The graph is a bit confusing to follow, because there appears to be no apparent trend in productivity. We can observe from 1990 to 1992 the productivity index slightly drops, then shoots up, then drastically falls. From 2008 to 2011, there is a sharp increase, followed by a slight drop, then a plummet in 2011. Although there is no clear cut answers for the highs and lows, an interesting point to consider on the graph is 2008. The great recession of 2008 would see countless layoffs in the U.S. Based on the chart, it can be concluded that productivity in the private sector during 2008 skyrocketed due to these jobs losses. Thus, the increased productivity came from employers demanding more output from employees, seeing as the economy was in a rough state and couldn’t afford to hire additional labor.

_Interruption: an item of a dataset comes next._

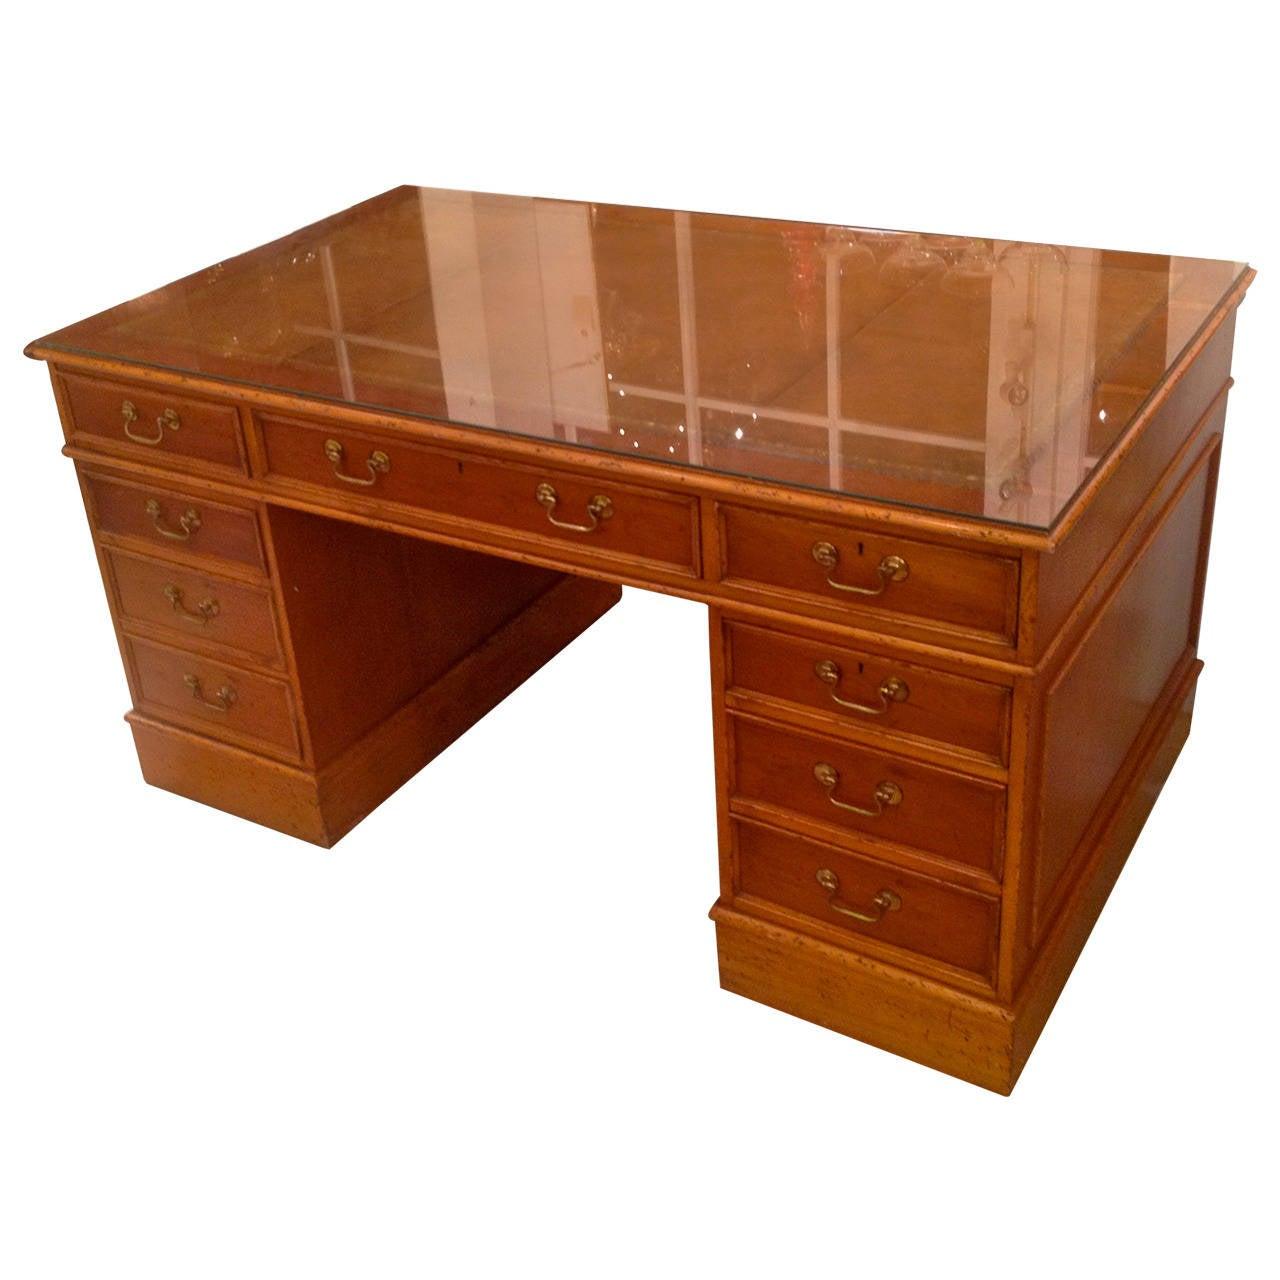 19th Century English Mahogany Pedestal Desk

Technology investment is relevant in the chart, because from 2010 onward, the productivity index is more constant, insinuating that processes to increase productivity may have stagnated. A major factor in the driving of technological advancement is money invested in its research, and in order to push past our current level, more money is needed. This includes the money invested in academia (as mentioned previously within public education) as well as proper capital needed to support workers. However, this also includes the supply PhD candidates that perform the research needed to advance these technologies. Essentially, once enough money is raised/invested to fund the programs for research, scholars will cooperate with tech experts to develop the technology. Once it is developed and accessible in the workforce, productivity will see further increase, holding other factor inputs constant. In turn higher level of productivity will increase economic output.

 

Conclusion:

Seeing as pursuing a career within the technology field is my intention, it is important to understand technology’s relationship with economic growth, human capital, and education. Though our education system, we have been able to effectively develop and train our work force to produce new technologies, so long as appropriate investments were made to continue funding to tech programs. Although we have come long ways since the 1900s in terms of digital devices, the next steps in theory are: to learn how to fully harness the energy of natural processes in order to produce the most efficient technologies, utilizing quantum computing to further speed computation processes, and using nanotechnology to reduce the space needed to hold more data. Once these changes take effect, productivity in the workforce has the potential to increase, which will increase economic output as a result. In order to maintain this process of technological innovation however, we must be mindful to continue to increase education standards and funding for programs through the years. Human capital/R&D in technology are the critical steps for economic growth, which lead to a more productive workforce.